Activities in Explore phase
Assumptions underlying this project include that this methodology is not yet on the market, that it reduces subjectivity, mistakes and workload, increases coverage of labeled documents, as well as improves discoverability and ultimately compliance. The project team held a variety meetings, talked to vendors, privacy and compliancy officers, and performed a desk research to validate these assumptions.
Conclusion at the end of the Explore phase
There are solutions available on the market, but none of these seemed to fully fulfil the needs set out in this project. The primary gaps lie in the level of accuracy, detail and flexibility that these tools have to offer; many provide standard solutions that may or may not satisfy the actual needs. There is a clear incentive to explore what more advanced techniques can bring to the table.

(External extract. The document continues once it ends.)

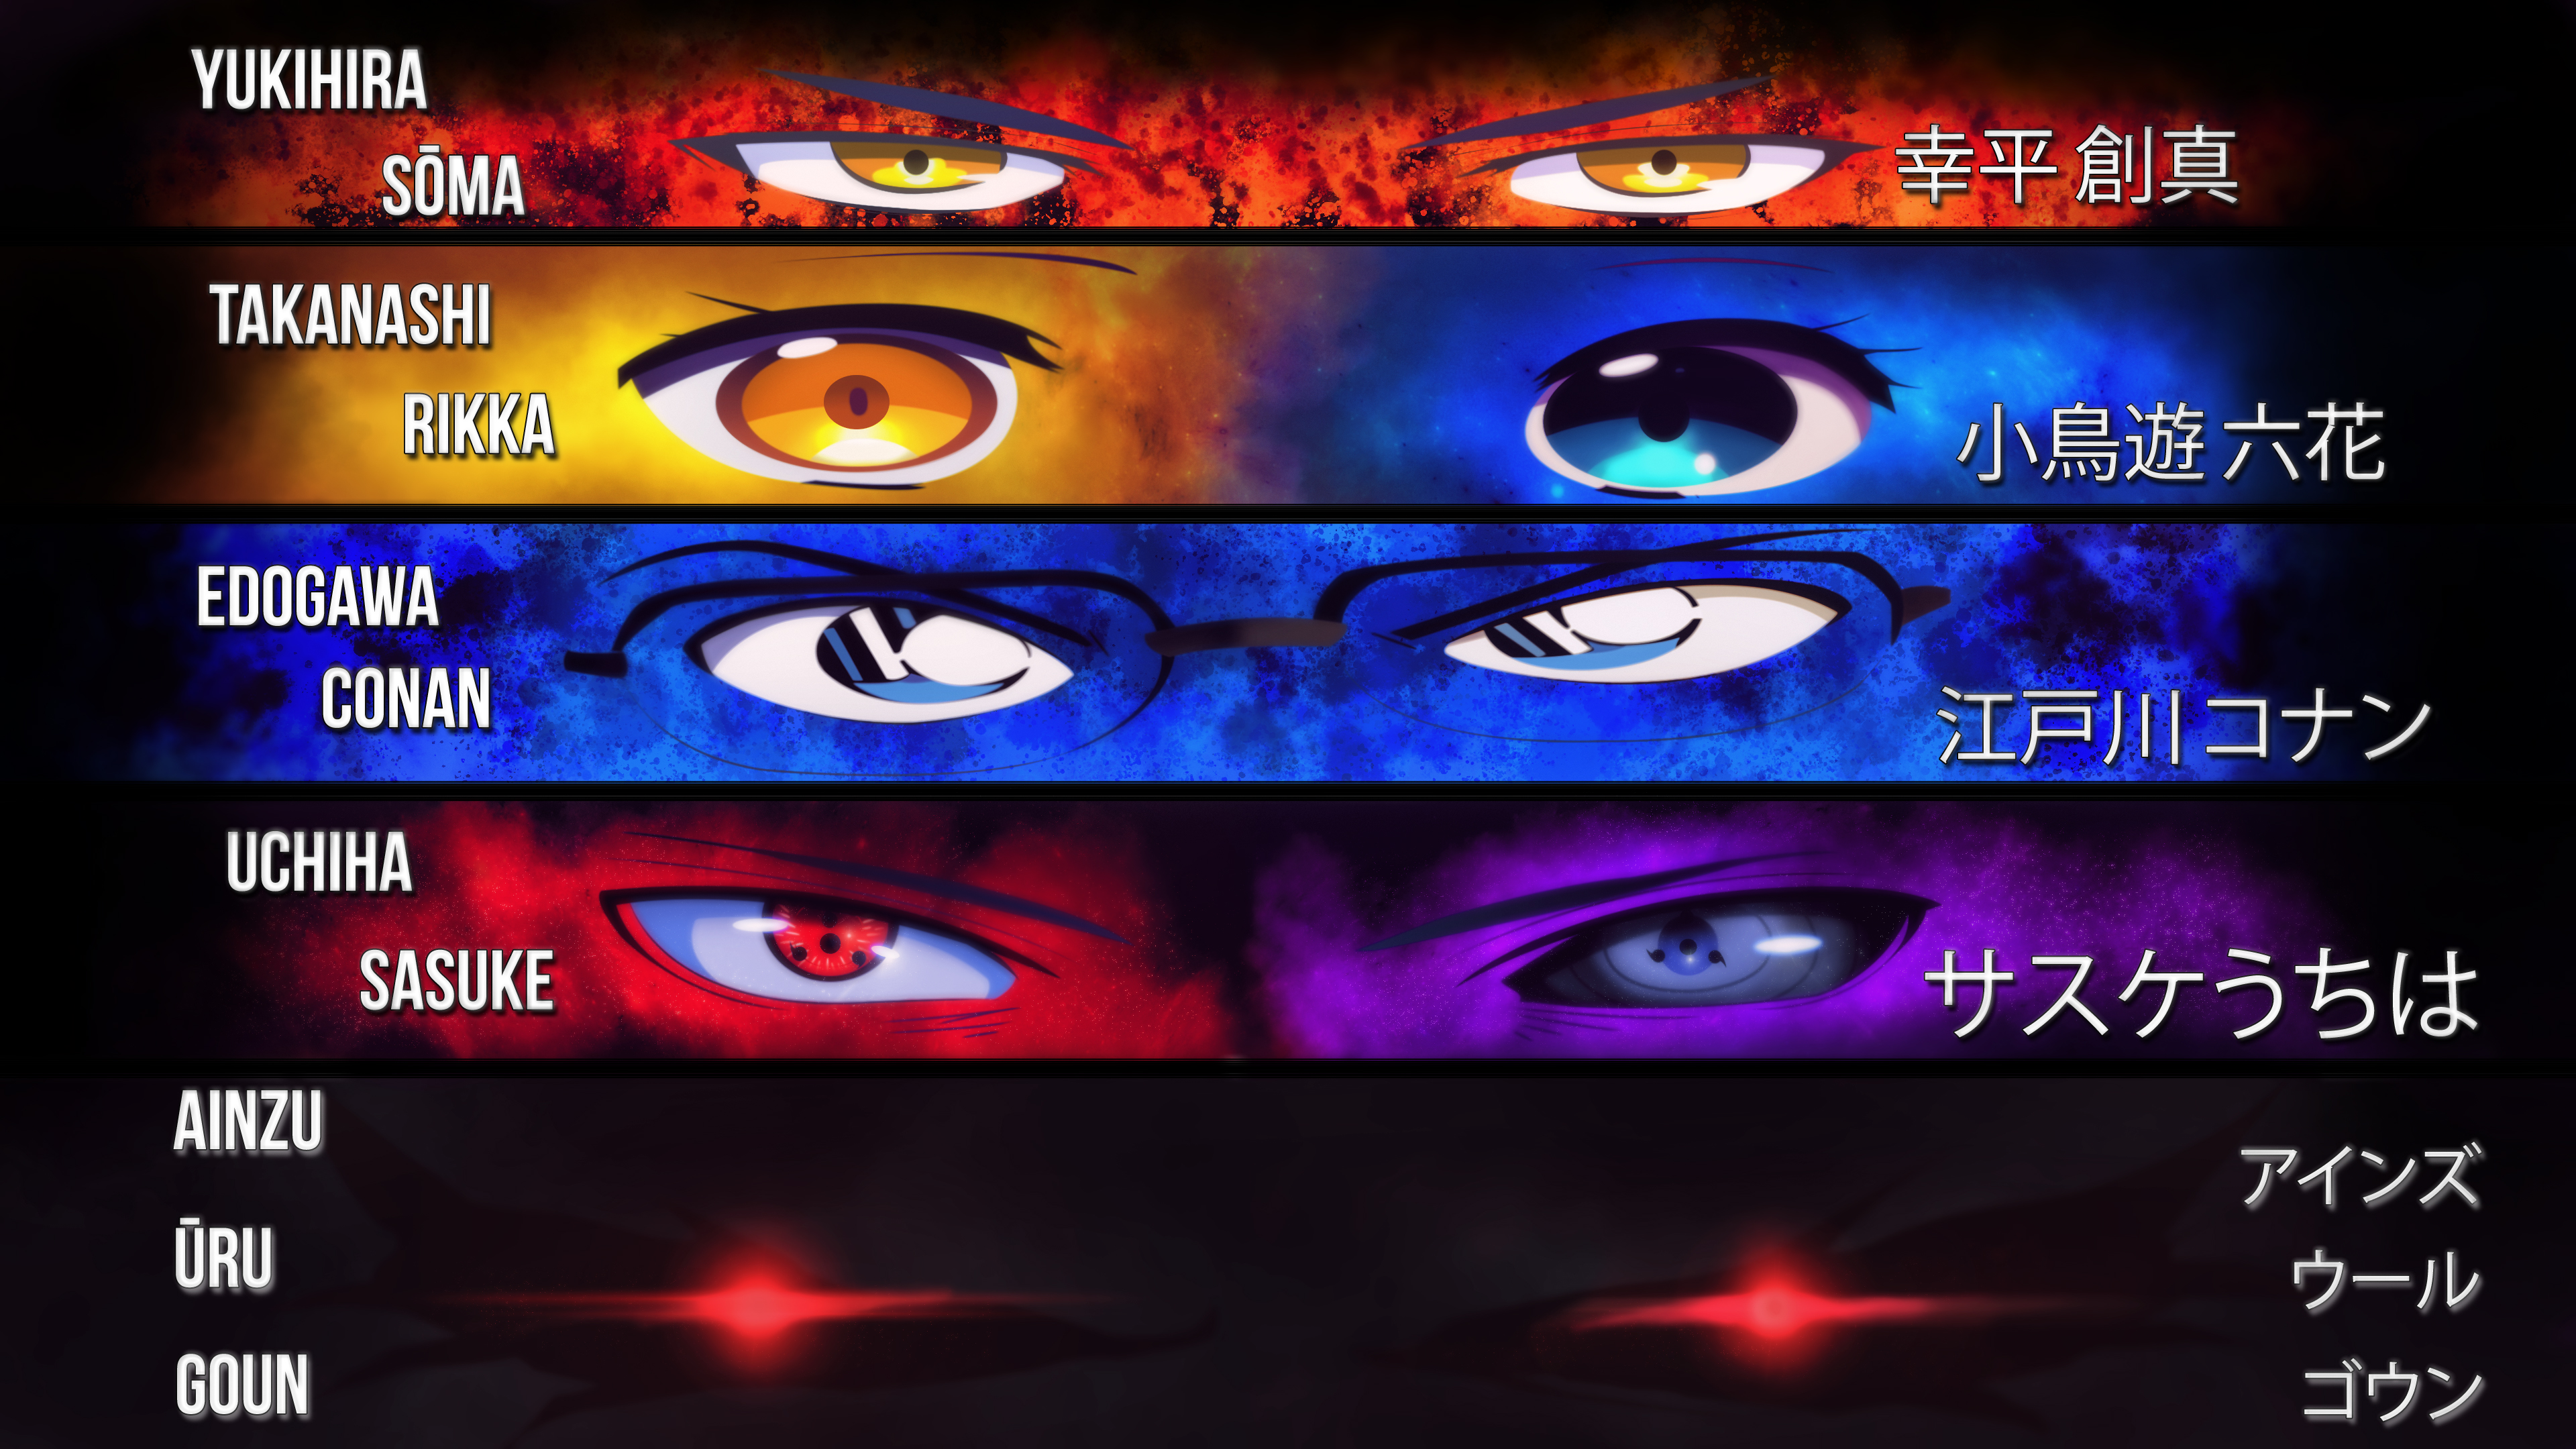 Anime 3840x2160 Uchiha Sasuke Detective Conan Yukihira Soma Takanashi Rikka Yu Yu Hakusho Naruto Shippuuden Shokugeki no Souma Chuunibyou demo Koi ga Shitai! eyes anime
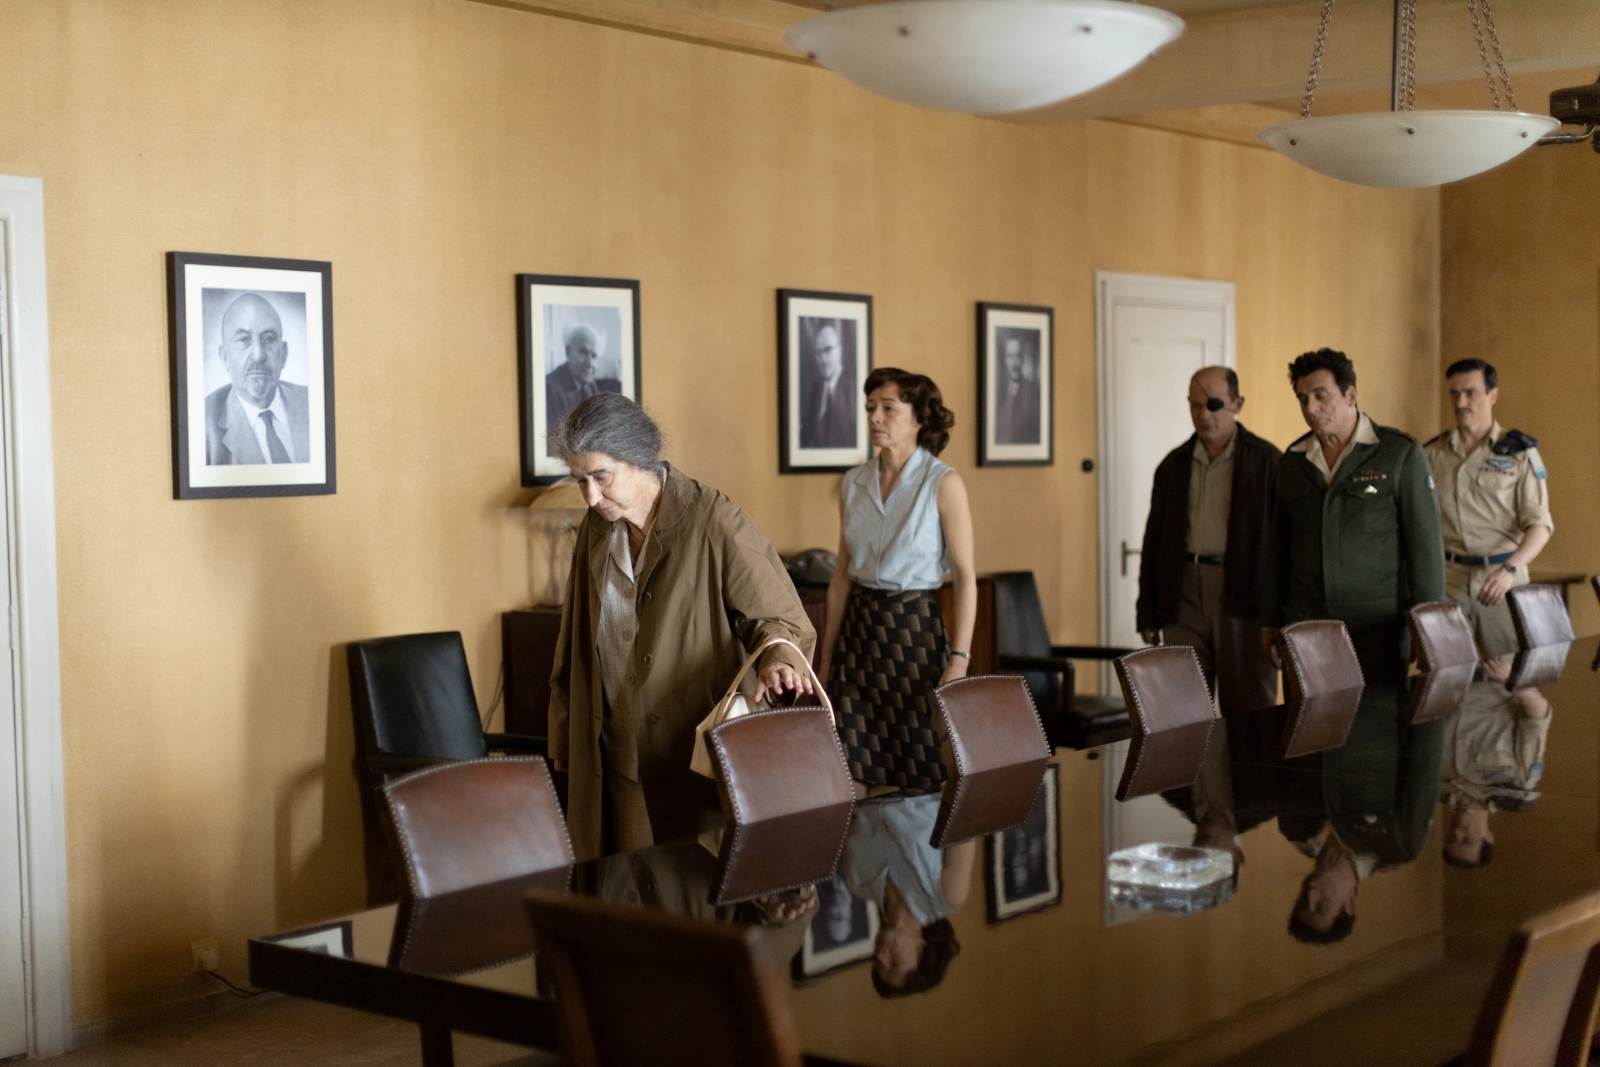 Kadr z filmu "Golda" - za główną bohaterką stoją kolejno: kobieta i trzej mężczyźni. Wszyscy są w jakimś pomieszczeniu i znajdują się za długim stołem.

Activities in Proof of Concept phase
The goal of the Proof of Concept (PoC) phase was to implement and test a variety of methods that can be used to automate the data labelling process. These methods ranged from often-used wordcount-based methods up to advanced neural networks that can take contextual information into account as well. The advanced methods showed benefits in more complex tasks (e.g. specific word or sentence classifications, especially context dependent), whereas for more basic label assignments (e.g. document classification) there was no notable difference.
The second activity in the PoC-phase was the continuation of the market exploration. The extended exploration further strengthened the view that a range of solutions are available but also that these come with their limitations. Further examination of the solutions and actual business needs is a logical next step to identify the true gaps for practical implementation and to more specifically determine what business value the more advanced labelling methods can bring.
Activities within the extended PoC phase
Instead of going directly to the pilot phase, it was determined more suitable to extend the PoC-phase. The goal of this extension will be three-fold:
- Further examine the market solutions in relation to the business needs. While we determined that advanced machine learning methods can perform more complex tasks, the question remains to what extend that is an actual problem to solve. A viable compromise could also be to work together with a market player or to extend an existing solution with specific functionality.
- There are other drivers than classification accuracy that may be an incentive to explore new techniques. This can be, for example, more efficiently learning or adapting to classify new types of labels. A more efficient training procedure can be realized by utilizing methods such as semi-supervised learning or active learning, which is an interactive approach between the learning system and the human experts.
- If (1) and (2) give reasons to continue towards the pilot phase, it will be essential to start preparing as soon as possible. Any operational implementation requires access to large amounts of data. Finding a suitable dataset and gaining access to that data are both typically time-consuming tasks.
This project is part of the trend
Stricter rules and enforcement on information sharing
The DNB ('toezichthouder') is paying more attention to privacy, as expressed in the GDPR, and other regulations. For example it becomes more important to demonstrate compliance with privacy regulation at every step taken in capturing or modifying data.